Check input list against a reference list and perform fuzzy matching
rfs_update_list.Rd
This function takes an input list and a reference list, and performs a series of checks and fuzzy matching operations to create a verified list. The function checks if the input list is a data frame, if it has a column named "species", if the reference list is a data frame, and if the reference list has the mandatory columns. It also allows for specifying the method and maximum distance for fuzzy matching. The function returns a final data frame with the verified list.
Usage
rfs_update_list(
input_list,
reference_list,
complete_name = FALSE,
method = "lv",
max_dist = 3,
max_dist_2 = 5
)
Arguments
- input_list
A data frame representing the input list to be checked. Must contain a column named "species". Species name like genus + "sp." should be avoided. If you want to use complete species names (genus + species
authors + year) as key, you should avoid using comma to separate authors and year, and use space instead. For example: 'Genus species Author 0000'.
- reference_list
A data frame representing the reference list to compare against. This is obtained using rFishStatus::rfs_get_species_list().
- complete_name
A logical value indicating whether to use the species + author + year nomenclature (please, avoid using comma before the year), TRUE, or genus + epithet, FALSE, for joining. Default is FALSE.
- method
The method to use for fuzzy matching. Default is "lv" (Levenshtein distance).
- max_dist
The maximum distance for fuzzy matching. Default is 3. The user can change this value according to the desired string distance; this will affect the number of matches and false positives, and will vary according to the input list. Most of cases between 2 and 3 are good values when using species names, and 4 to 5 when using complete names. Please, check the fuzzy matching results carefully.
- max_dist_2
The maximum dostance for deeper fuzzy matching. You can keep the same as of "max_dist" or increase it by 1 or 2. This can improve query_species solving but also increase false positives.
Examples
input_list <- data.frame(
species = c("Acanthochromis polyacanthus", "Acanthochromis sp.", "Cichla kelberi", "Cichla piquitii",
"Cichla monocolos", "Cichla monoculus", "Cicla monoculus")
)
reference_list <- rFishStatus::rfs_get_species_list(
rFishStatus::data_template_ref
)
#> ℹ Creating species list from the input dataset.

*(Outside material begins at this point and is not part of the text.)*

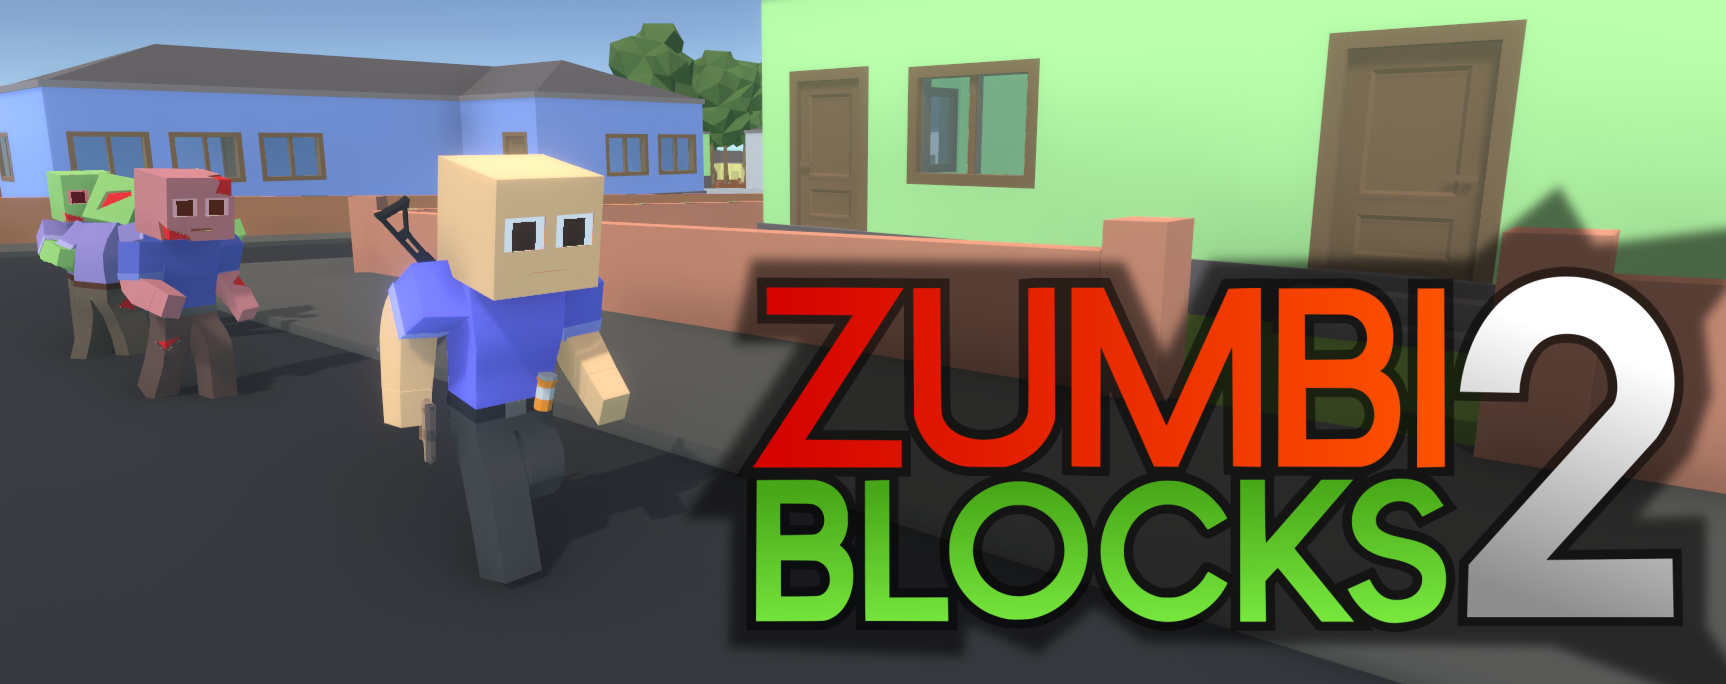 Zumbi Blocks 2 by Adrianks47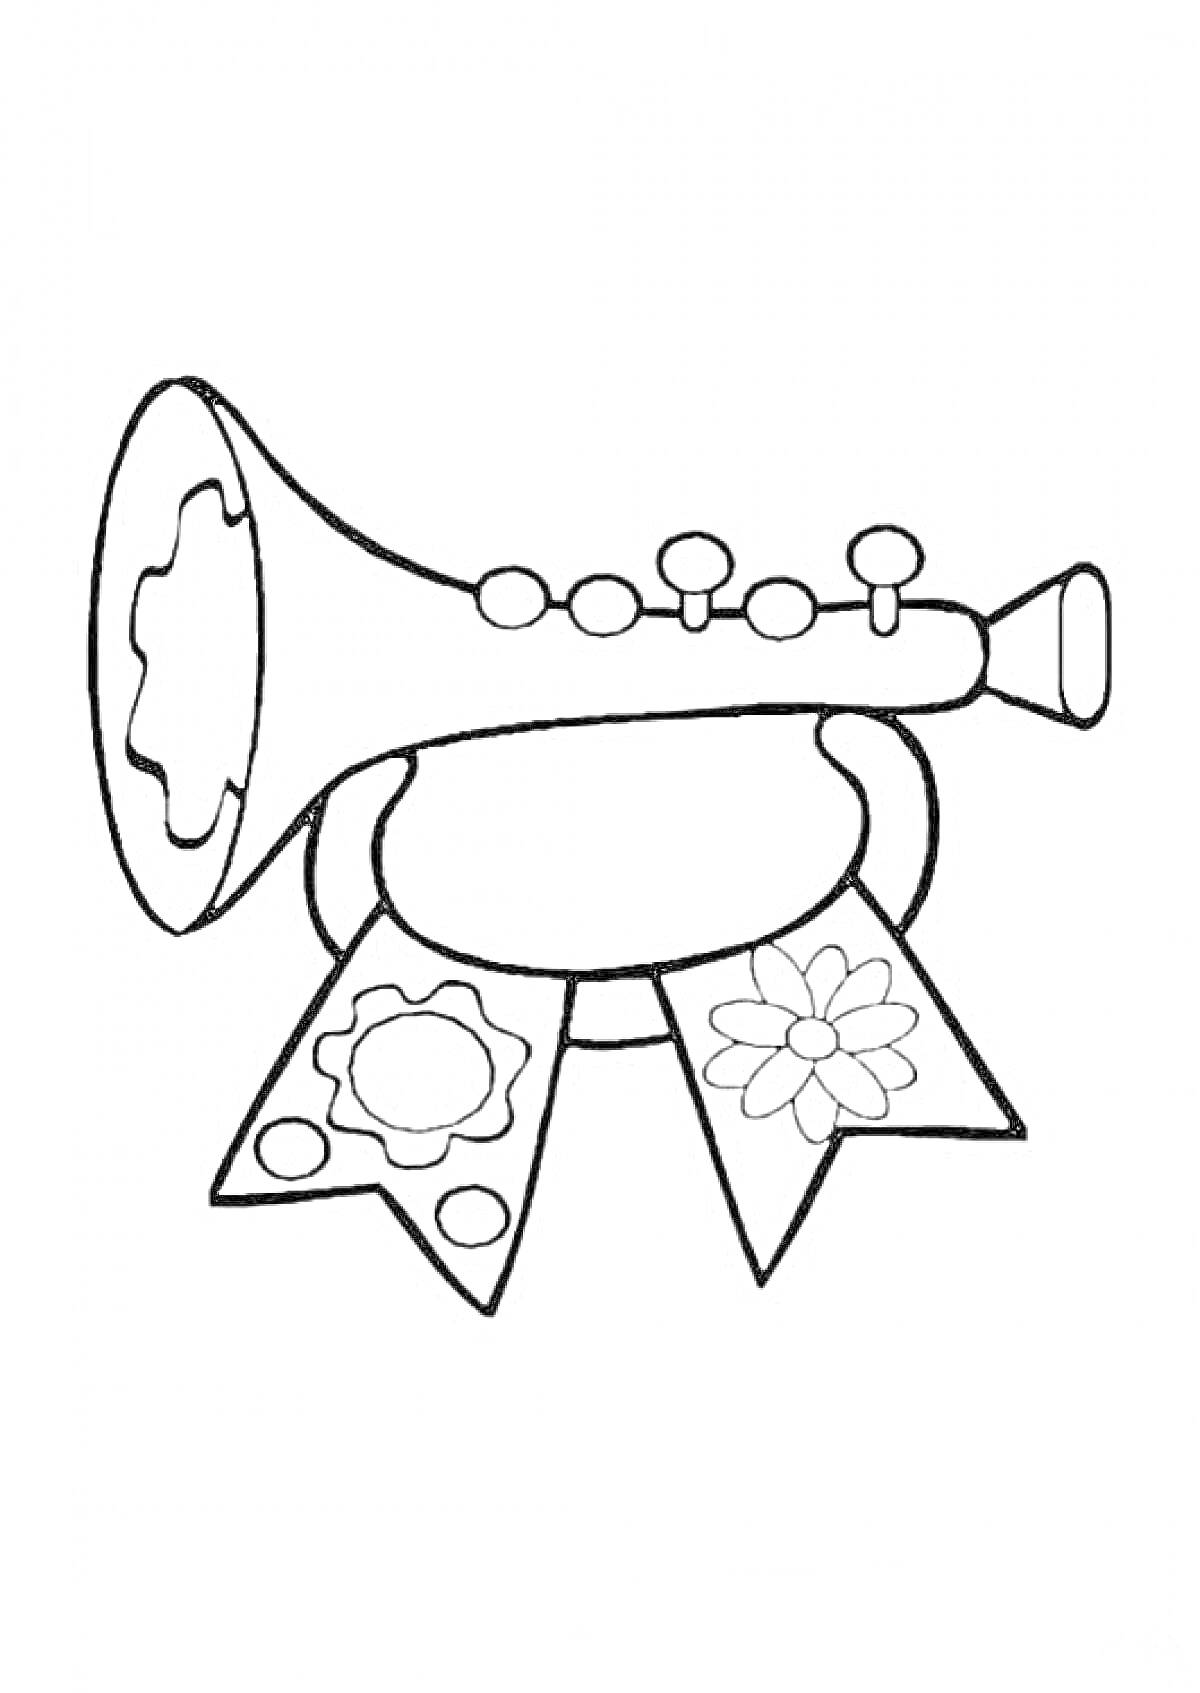 Раскраска Труба с узорами цветов и декоративными лентами

#> Looking for uncertain species.
#> Looking for valid species.
#> Looking for all previous valid species names.
#> Filtering valid species.
#> Error in dplyr::filter(dplyr::mutate(dplyr::mutate(species_df, genus = stringr::str_extract(scientific_name, "\\w+"), epithet = stringr::str_extract(scientific_name, stringr::regex("(?<=\\s)[a-z]+(\\s(?![a-z]*\\.)[a-z]+)*"))), species = paste(genus, epithet, sep = " "), year = as.numeric(stringr::str_extract(scientific_name_author, "\\d{4}")), authors = stringr::str_replace(scientific_name_author, paste0(" ", year), ""), scientific_name = stringr::str_replace_all(scientific_name, "\\[.*?\\]", ""), scientific_name = stringr::str_trim(scientific_name, side = "both"), status = dplyr::if_else(scientific_name %in% valid_spp_list, "Valid", status), status = dplyr::if_else(scientific_name == valid_scientific_name, "Valid", status)), !(status == "Valid" & scientific_name != valid_scientific_name), year != "Invalid Number", year <= lubridate::year(Sys.Date()), !grepl("^\\w+ & \\w+ \\d{4}$", scientific_name), !grepl("^[a-z]", scientific_name), !stringr::str_detect(scientific_name, " \\[ref. "), !stringr::str_detect(scientific_name, "^\\["), !stringr::str_detect(scientific_name, ";")): ℹ In argument: `year <= lubridate::year(Sys.Date())`.
#> Caused by error in `loadNamespace()`:
#> ! there is no package called ‘lubridate’
checked_list <- rfs_update_list(input_list, reference_list)
#> Error: object 'reference_list' not found